WORK ORDER ::
Every line of the listing must be reproduced as it stands. Leave the images behind.

SOURCE DATA ::
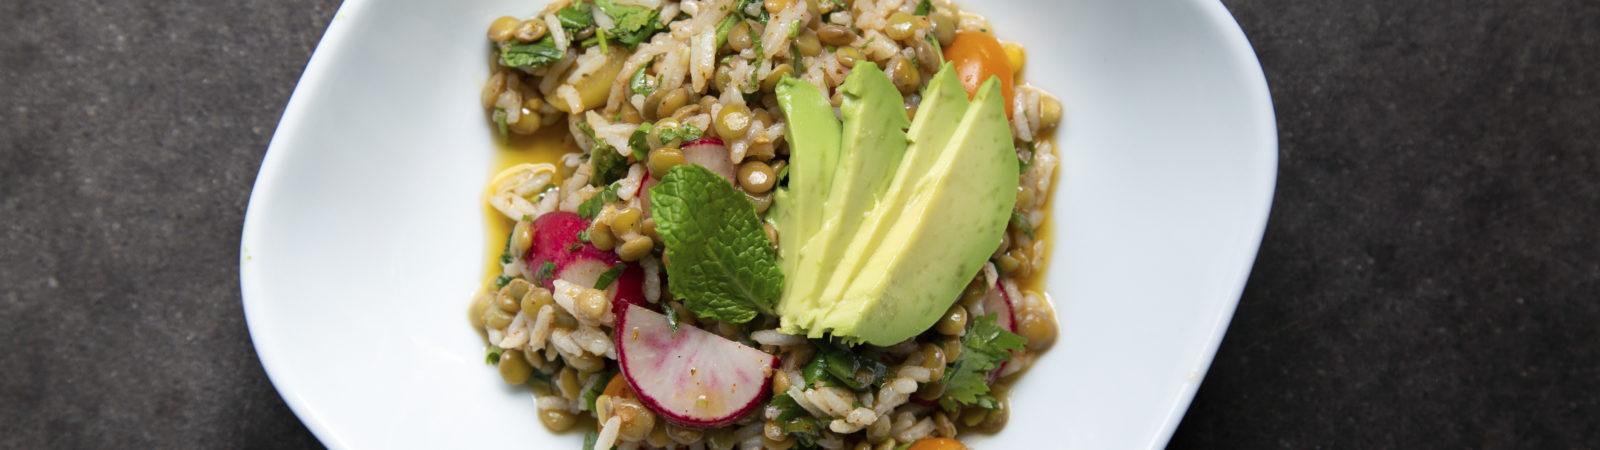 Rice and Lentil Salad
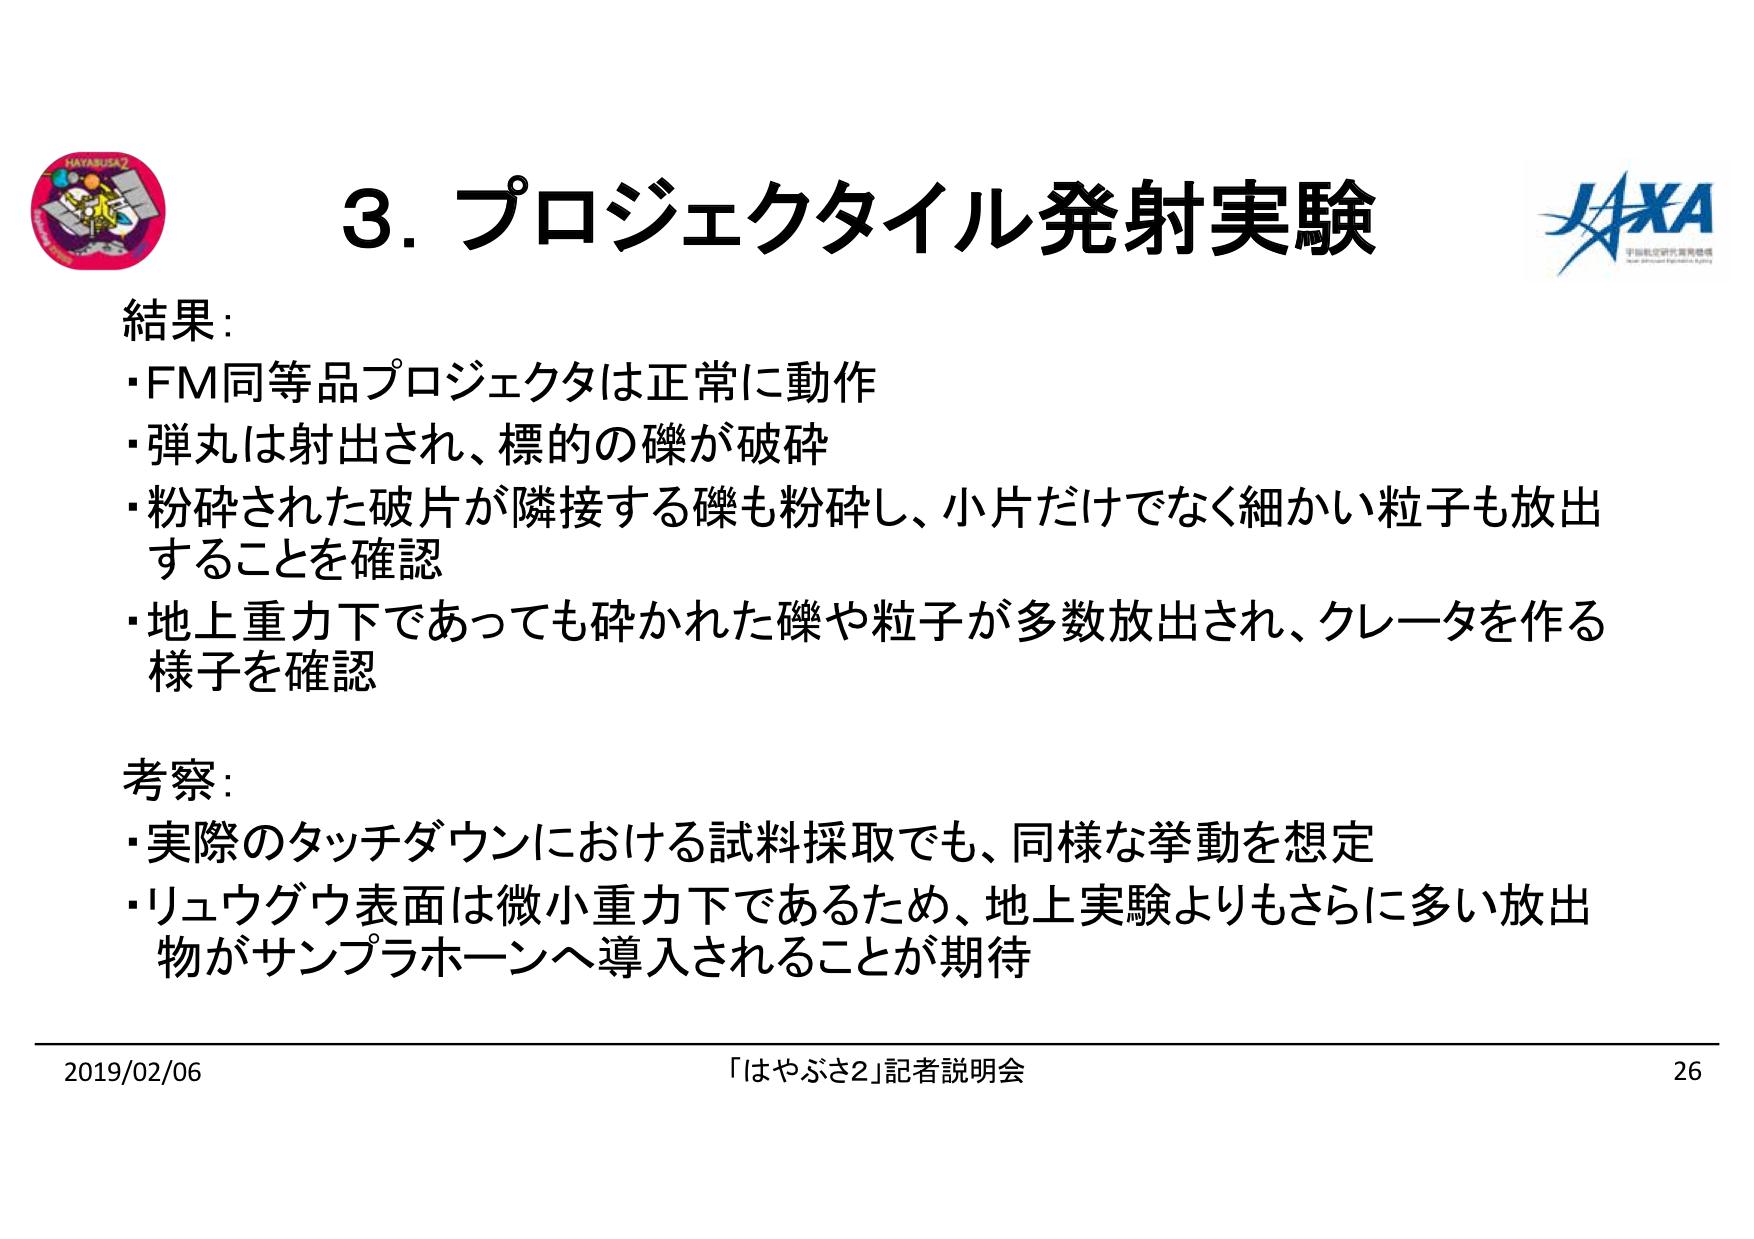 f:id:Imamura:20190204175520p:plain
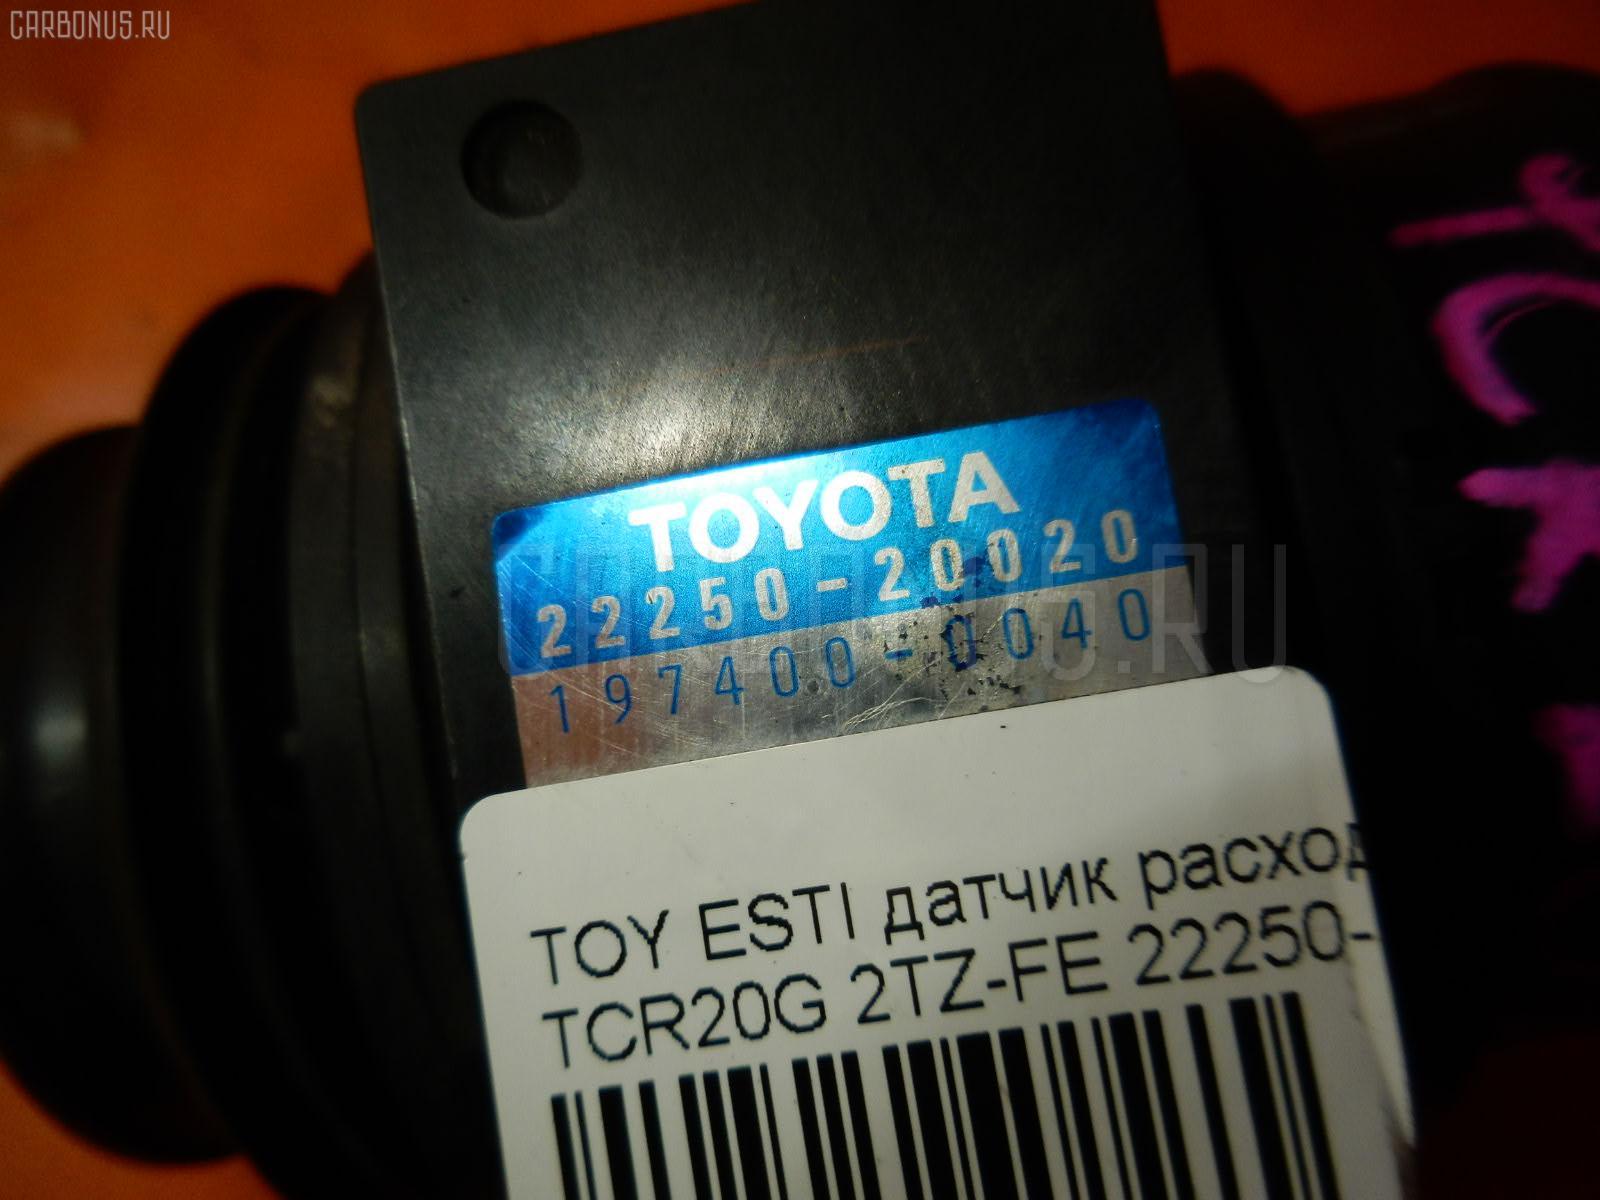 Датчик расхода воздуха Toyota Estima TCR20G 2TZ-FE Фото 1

RESPONSE TO THE TASK ::
 Rice and Lentil Salad
 f:id:Imamura:20190204175520p:plain
 Датчик расхода воздуха Toyota Estima TCR20G 2TZ-FE Фото 1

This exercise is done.